◆ Dataset content

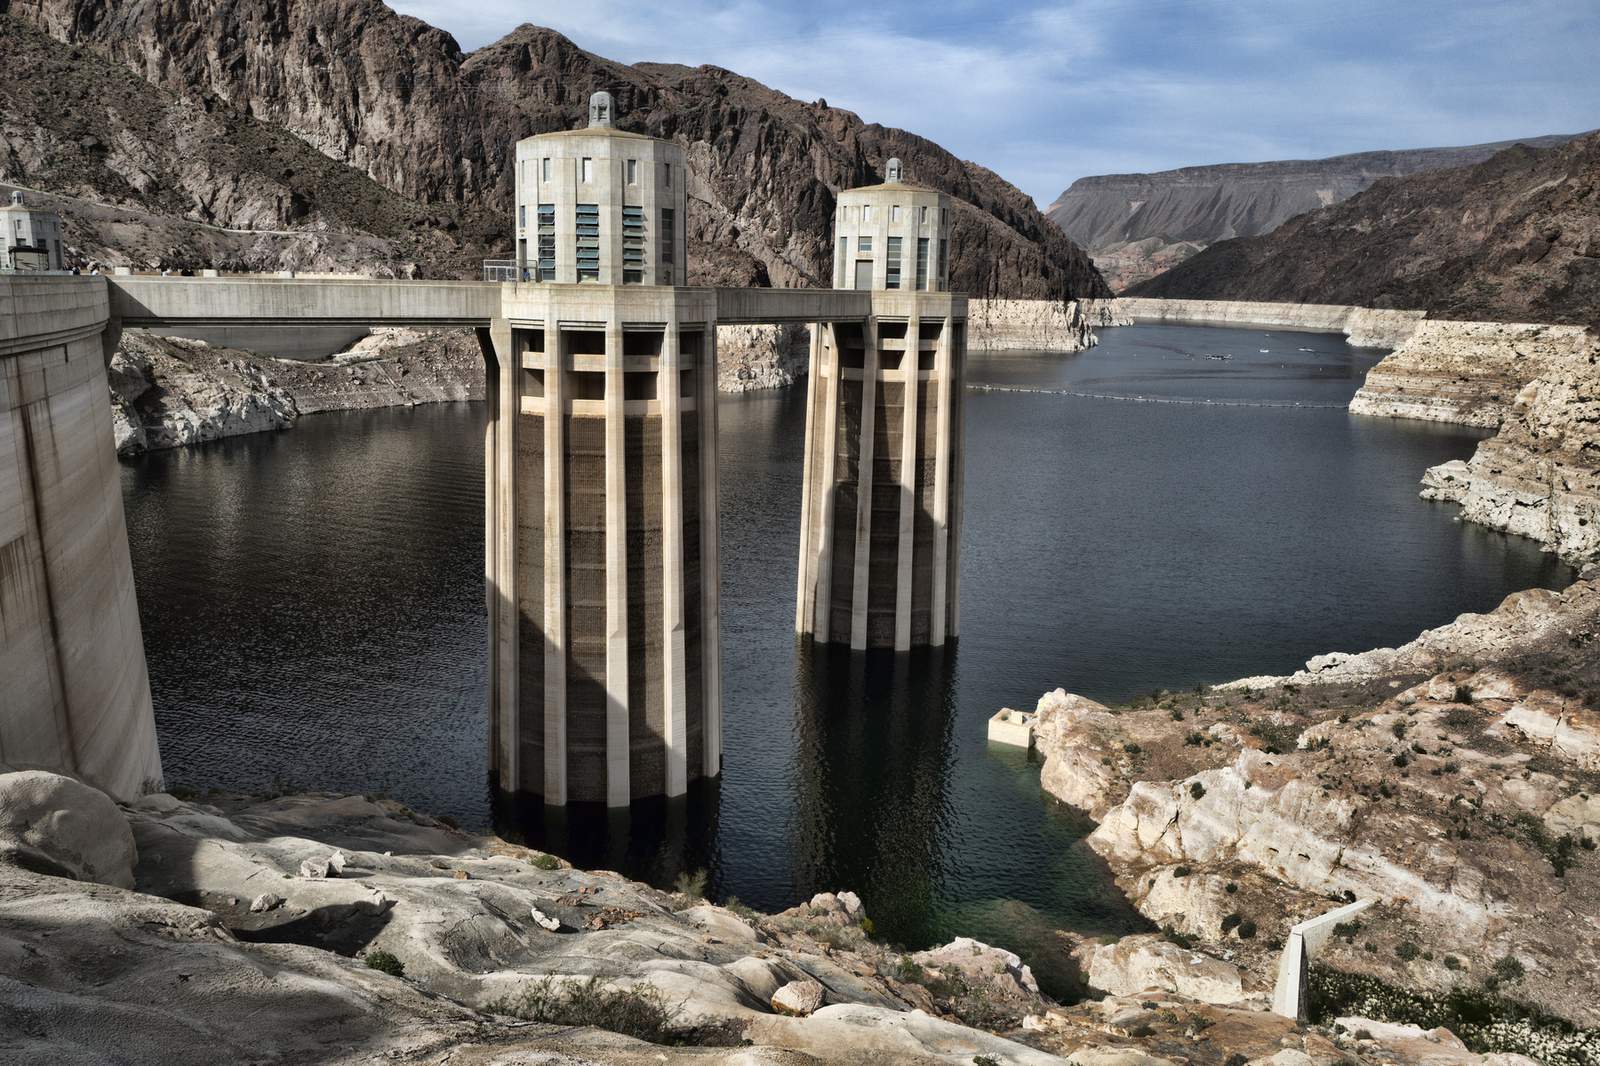 6 Western states blast Utah plan to tap Colorado River water
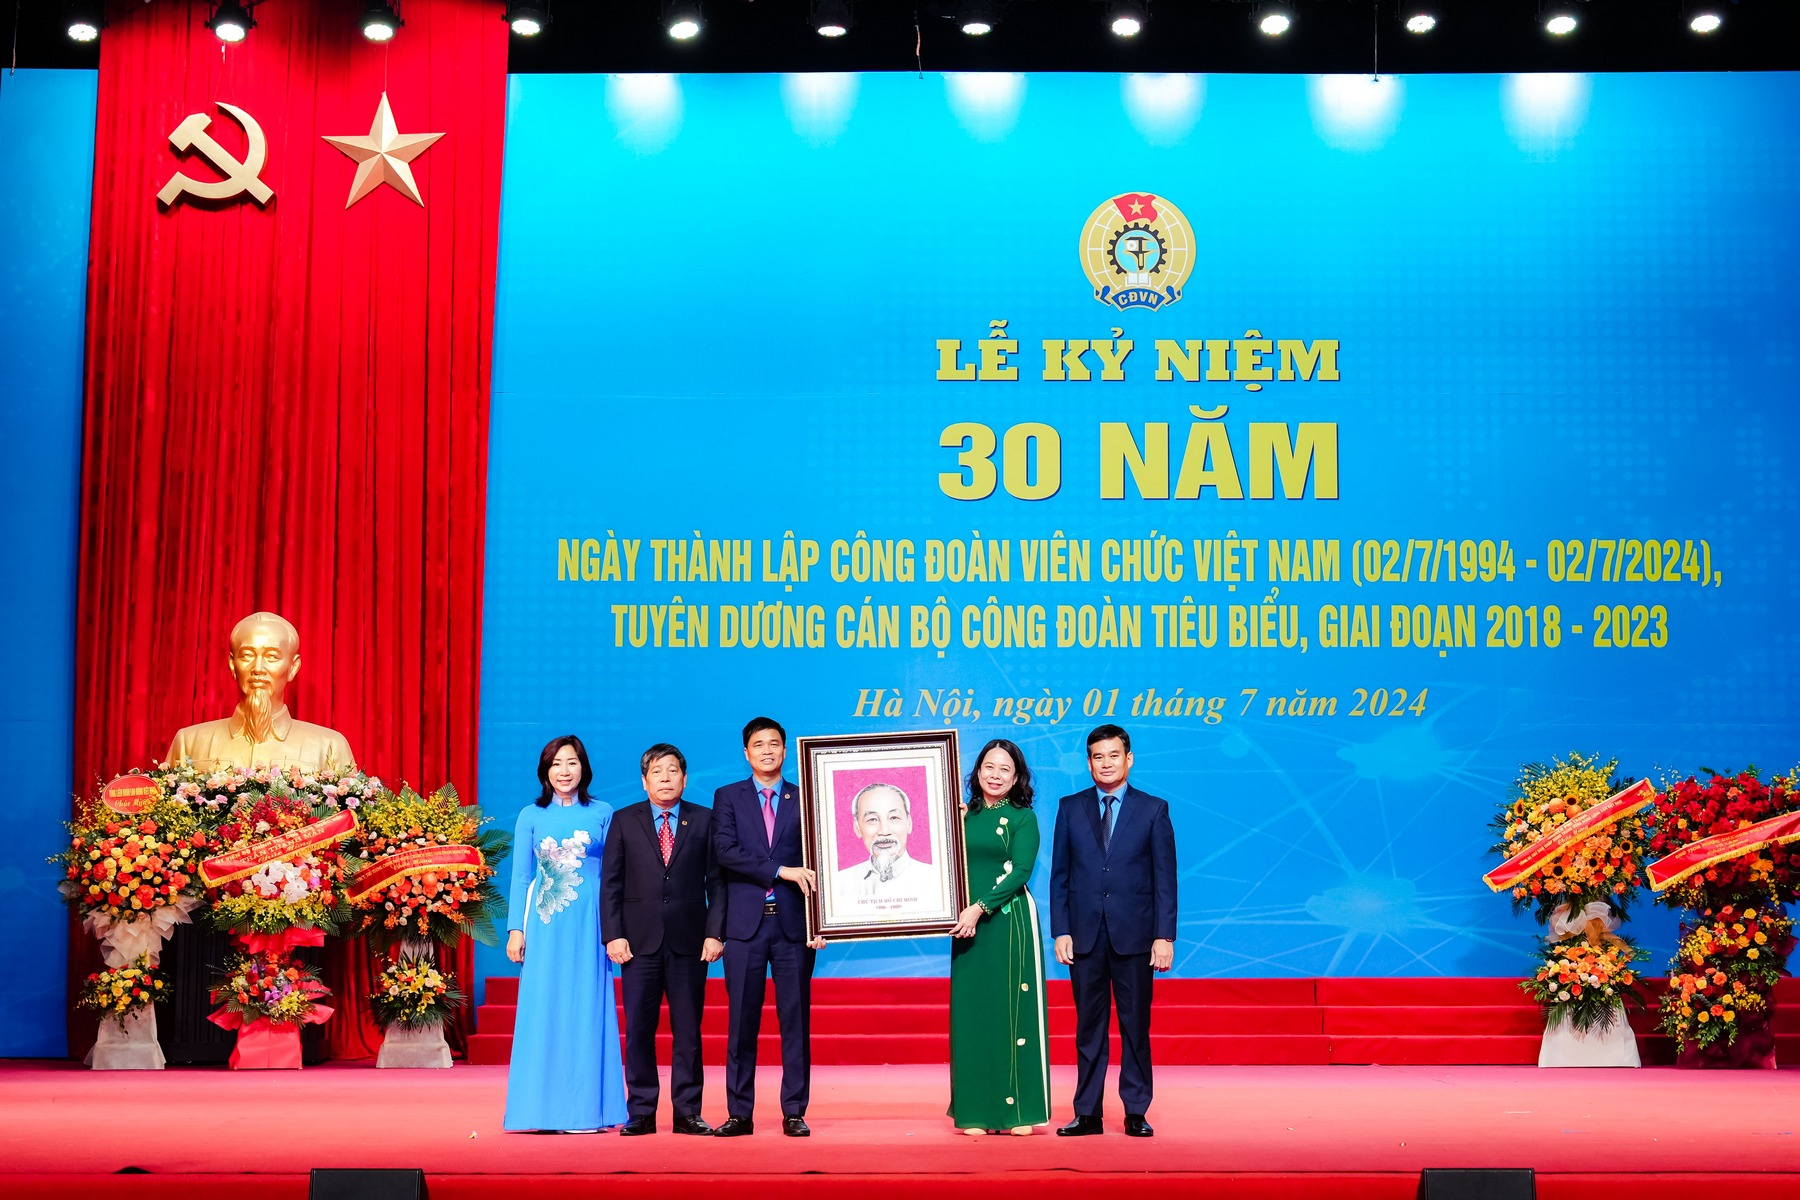 Ảnh: Lễ kỷ niệm 30 năm Ngày thành lập Công đoàn Viên chức Việt Nam, tuyên dương cán bộ công đoàn tiêu biểu giai đoạn 2018 - 2023
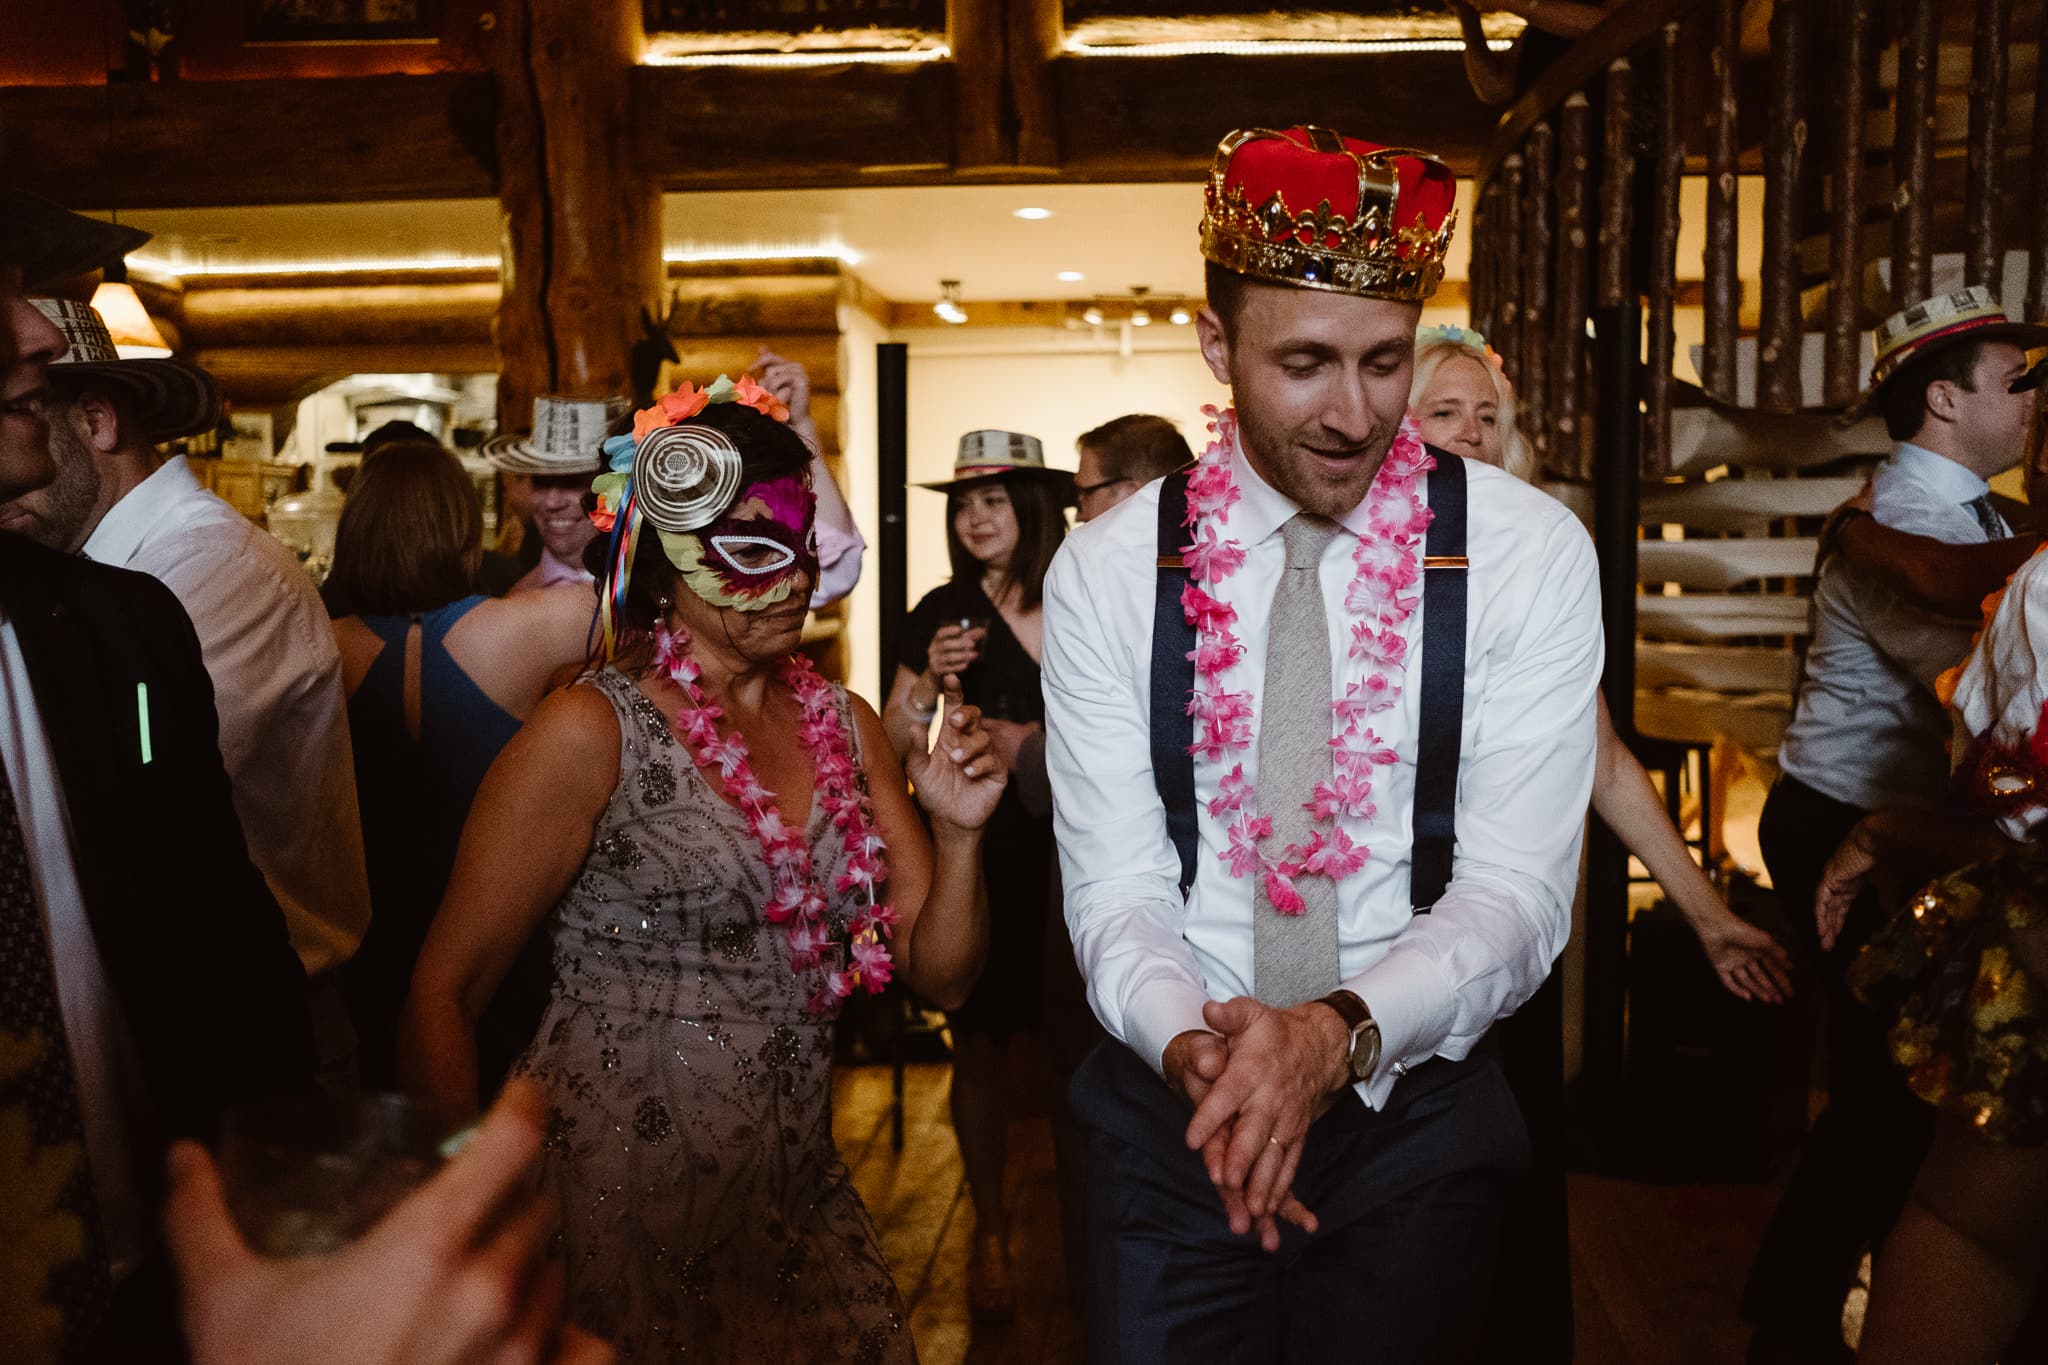 La hora loca reception dancing at Breckenridge Nordic Center wedding, Colorado wedding photographer
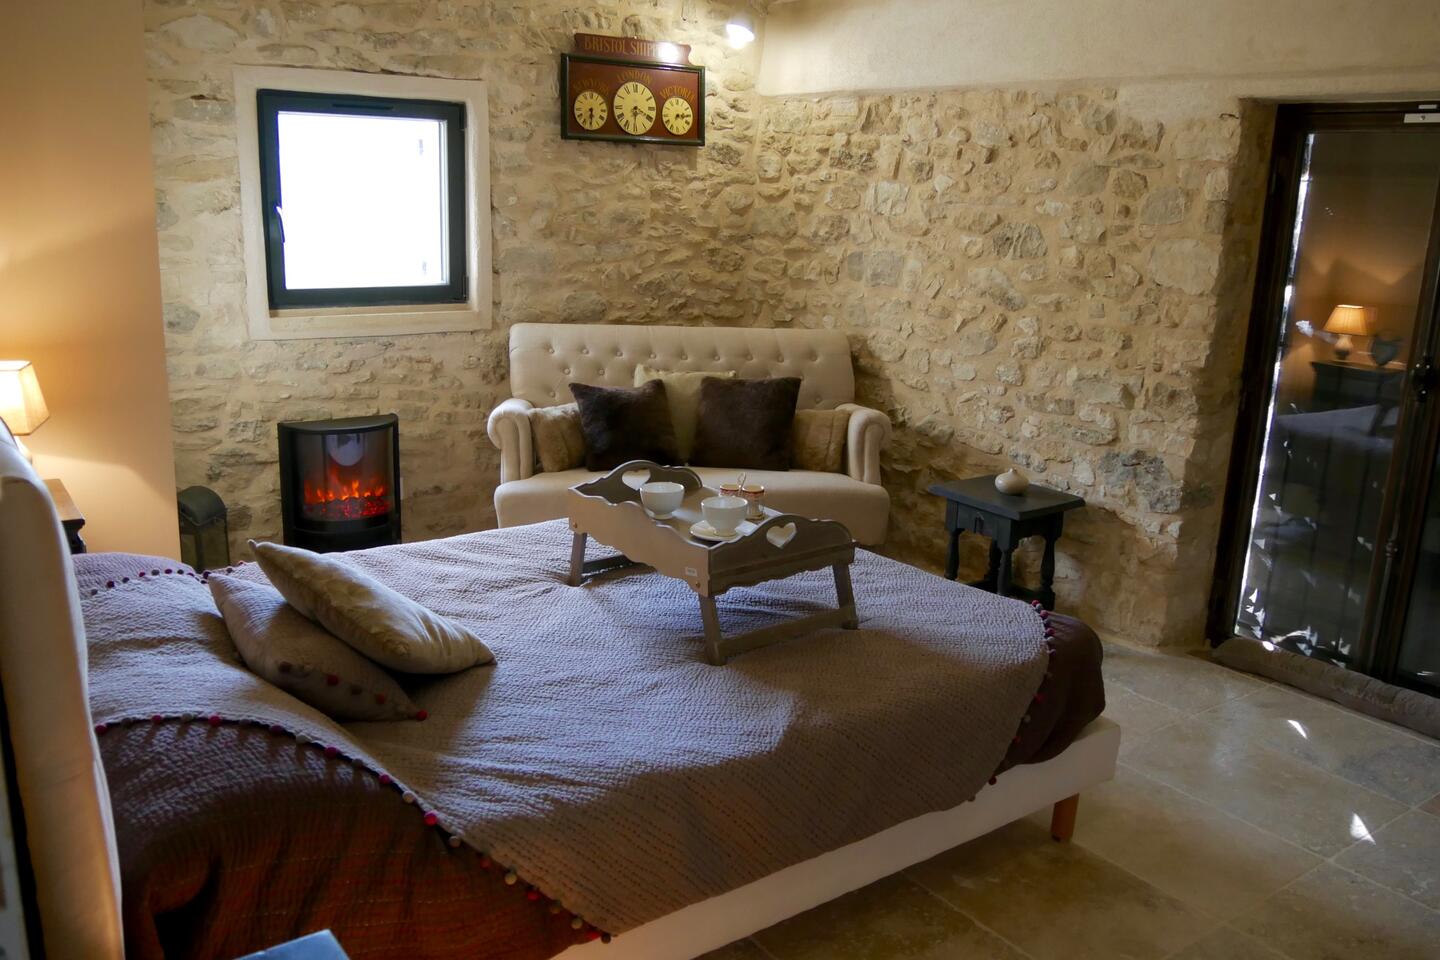 27 - La Roque sur Pernes: Villa: Interior - Bedroom - Annex

◆ What is required
Transcribe the material above in full. No picture is to be copied.

◆ Answer to this exercise
 6 Western states blast Utah plan to tap Colorado River water
 Ảnh: Lễ kỷ niệm 30 năm Ngày thành lập Công đoàn Viên chức Việt Nam, tuyên dương cán bộ công đoàn tiêu biểu giai đoạn 2018 - 2023
 La hora loca reception dancing at Breckenridge Nordic Center wedding, Colorado wedding photographer
 27 - La Roque sur Pernes: Villa: Interior - Bedroom - Annex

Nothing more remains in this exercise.